Data to use »
━━━━━━━━━━━━━━━━━━━━
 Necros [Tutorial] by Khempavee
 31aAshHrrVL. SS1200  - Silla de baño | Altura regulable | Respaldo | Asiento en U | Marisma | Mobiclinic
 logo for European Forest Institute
━━━━━━━━━━━━━━━━━━━━
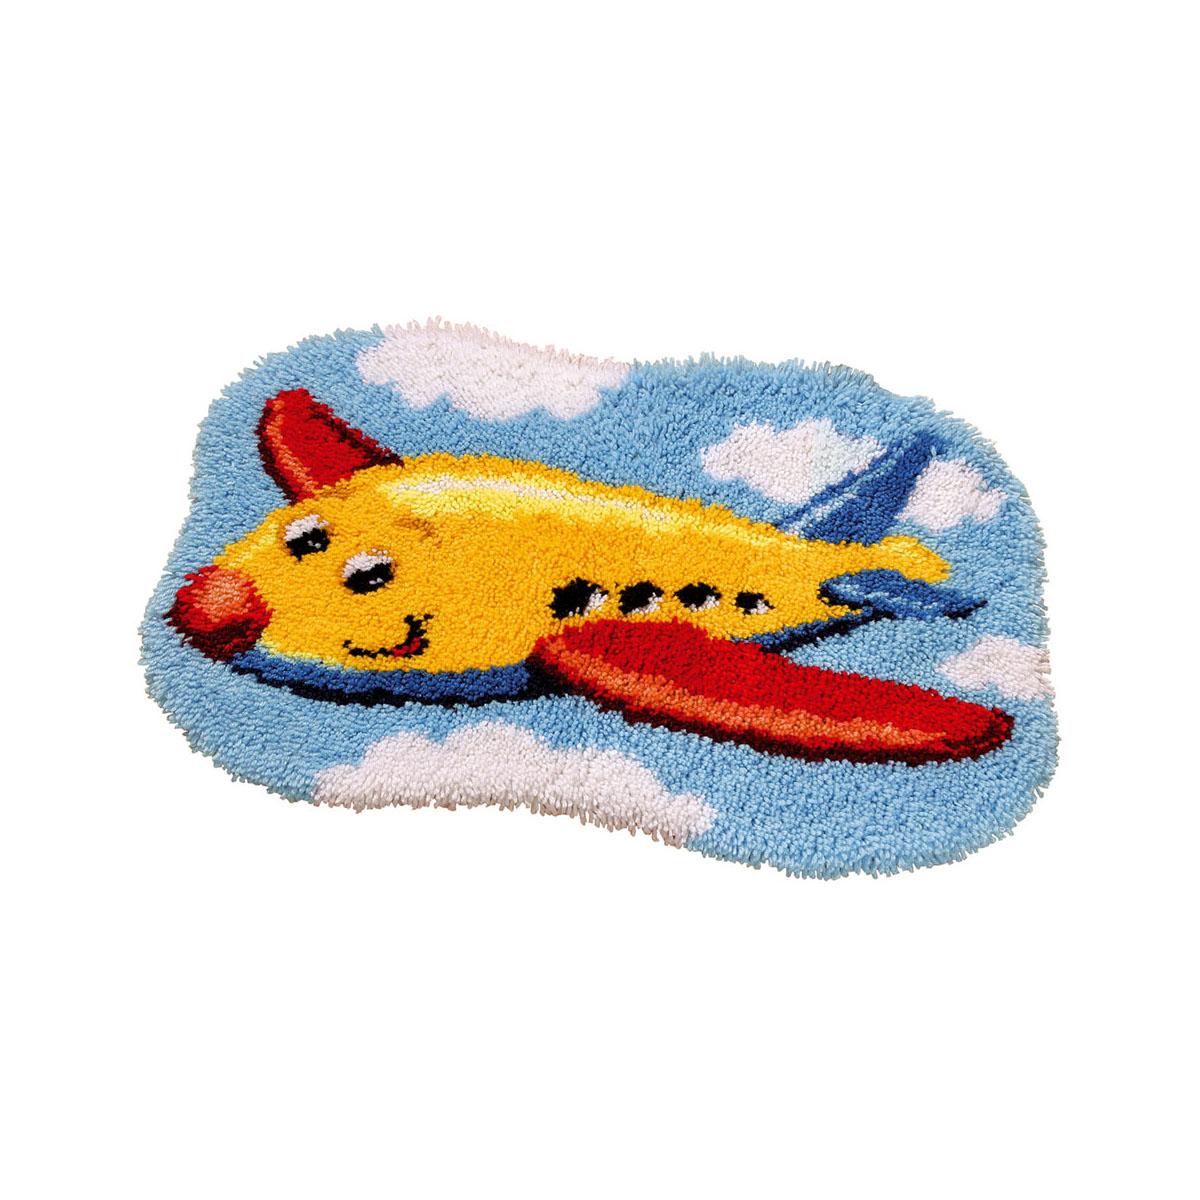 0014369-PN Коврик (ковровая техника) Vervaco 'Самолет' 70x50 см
━━━━━━━━━━━━━━━━━━━━
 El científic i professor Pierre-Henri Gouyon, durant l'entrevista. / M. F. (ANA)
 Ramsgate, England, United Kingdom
━━━━━━━━━━━━━━━━━━━━
Exercise details »
Would you please write out, exactly and with no other lines, the stretch of the listing above from the line containing "Necros [Tutorial] by Khempavee" through the line containing "logo for European Forest Institute"?

Answer for the task »
 Necros [Tutorial] by Khempavee
 31aAshHrrVL. SS1200  - Silla de baño | Altura regulable | Respaldo | Asiento en U | Marisma | Mobiclinic
 logo for European Forest Institute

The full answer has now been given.